Black wire at the top of pic!

Ohhhhh thats cool I will have to look into that
 
I bought some thermal cut-off's to do just that for a project some years ago, but ended up putting a big TEC under a heat sink the diode was mounted in so it never got close to hot enough to need it, but a cut-off is a good cheap method of limiting the amount of heat.

You got room for a tec unit?

I might have room for a tec but I definitely don't have room for another heatsink to cool the hot side of the tec. Also that would use up more power. I don't plan on running my laser for more than 1 minute at a time... I dont really need any thermal cooling systems however I am trying to make this more or less idiot proof :D.
 
What diode are you planning on using and what power are you looking to get? You are going to have a heat sink that is ~1 inch by ~1.2 inches. That is not much heat sink. If it is to be used with anything over 500 mW, you need to make it copper. But, copper is soft and doesn't take fins well at all.
 
As you are building a limited duty cycle device using as large of a heat sink as possible affords you more latitude, a small heat sink can get real hot real fast.

I run the 44 and other nubm diodes in a large heat sink until the sink feels noticeably warm and they last very well.
 
This has been used in flashlights for a while, the PCBs over at mtnelectronics have thermal custom cutoffs with open source driver software, but youll probably have to find a way to port over to laser drivers.
 
If you use a microcontroller to run things it gets a lot easier. Many flashlights actually have a microcontroller on board to do things like variable brightness levels, sos/blink modes and all that.
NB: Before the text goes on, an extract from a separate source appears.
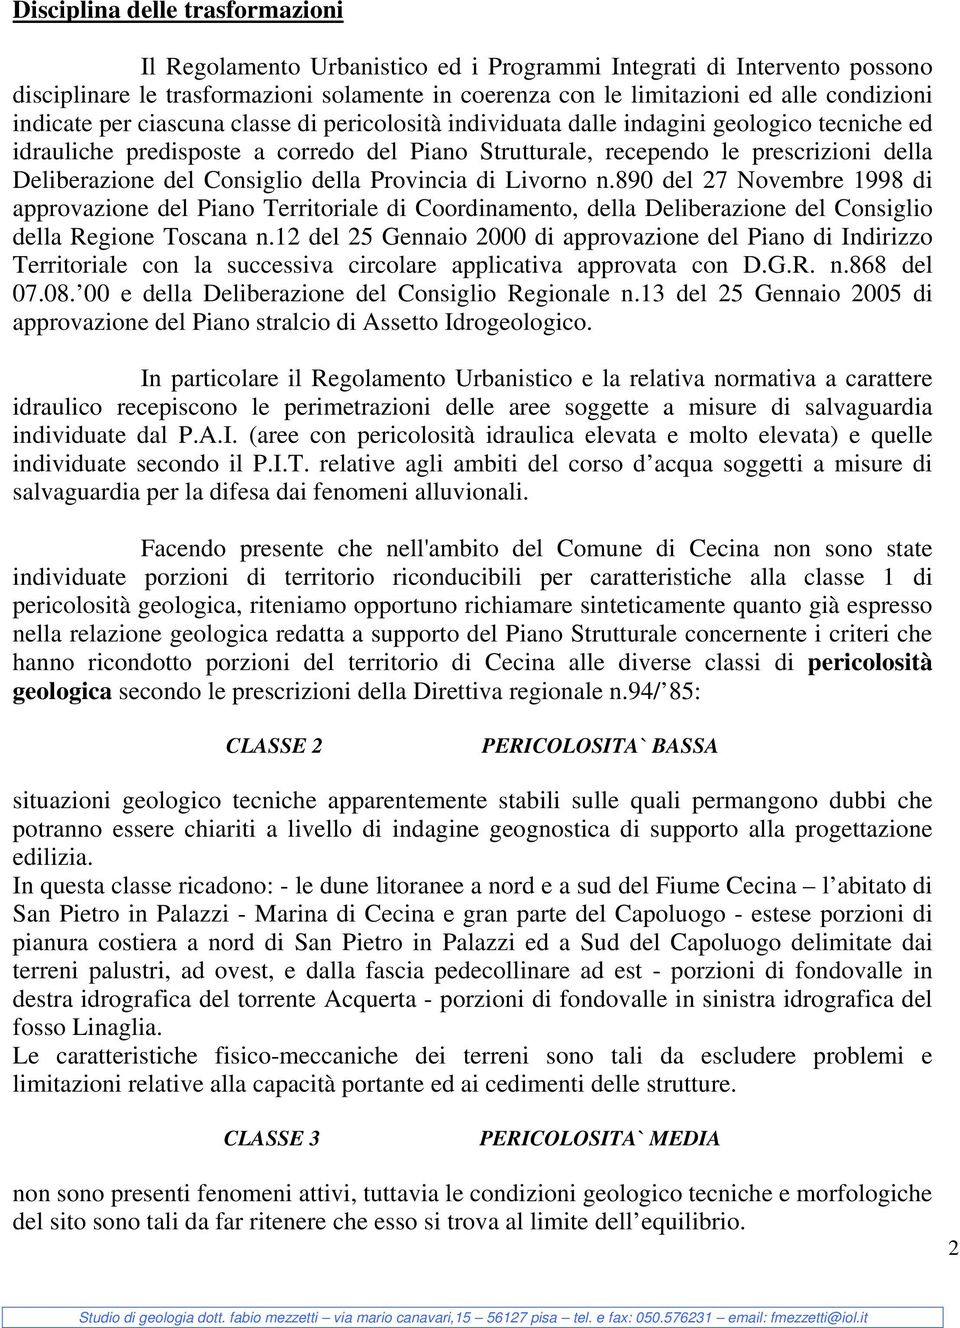 Consiglio della Provincia di Livorno n.890 del 27 Novembre 1998 di approvazione del Piano Territoriale di Coordinamento, della Deliberazione del Consiglio della Regione Toscana n.

This often is the 'unmarked 8 pin chip'.

Obviously there are 'easier' methods to achieve such functions, but given space constrains and the very low cost of small microcontrollers you may as well just put a low end PIC-something in there to do all of it.

With laser diode drivers it can be a bit different: some people want linear control instead of PWM and purpose built circuits do a better job there.

If it's not microprocessor controlled to begin with implementing thermal sensing and throttling or shutdown is more difficult to add - if you have the uC on there it only takes 1 spare input pin and a temperature sensor.

Also, with flashlights it can be a desired feature to have it run in 'turbo' mode briefly, where it operates at a power level the cooling cannot sustain for long, but can absorb due to thermal capacity for several seconds. With lasers you'd mostly want them cooled so you can operate them at full power indefinitely.
 
That's true, many people operate diodes even over their absolute maximum rated currents, for long periods of time. Doing that does kill a diode once in a while long before the expected lifetime, but then again, that can still take a long time. If you operate a laser diodes under conditions that reduce it's life by a factor of 10, but it was designed to last 10.000 hours (like a dvd or bluray writer) you'd still have to use it an hour a day for 3 years straight - and very few people do that with pointers.

This something odd that people just tend to do with laser diodes: ignore the manufacturers maximum rating and run higher and higher currents to them, often to the point where pushing even more current does not produce any more output power.

Such a reduction of power is usually the result of the laser just getting so hot it's efficiency drops faster than running higher current can compensate for in light output.

Improved heatsinking and thermal protection may help at that point, but everyone should realize when you surpass the absolute maximum rating on any electronic component it could fail right away as well.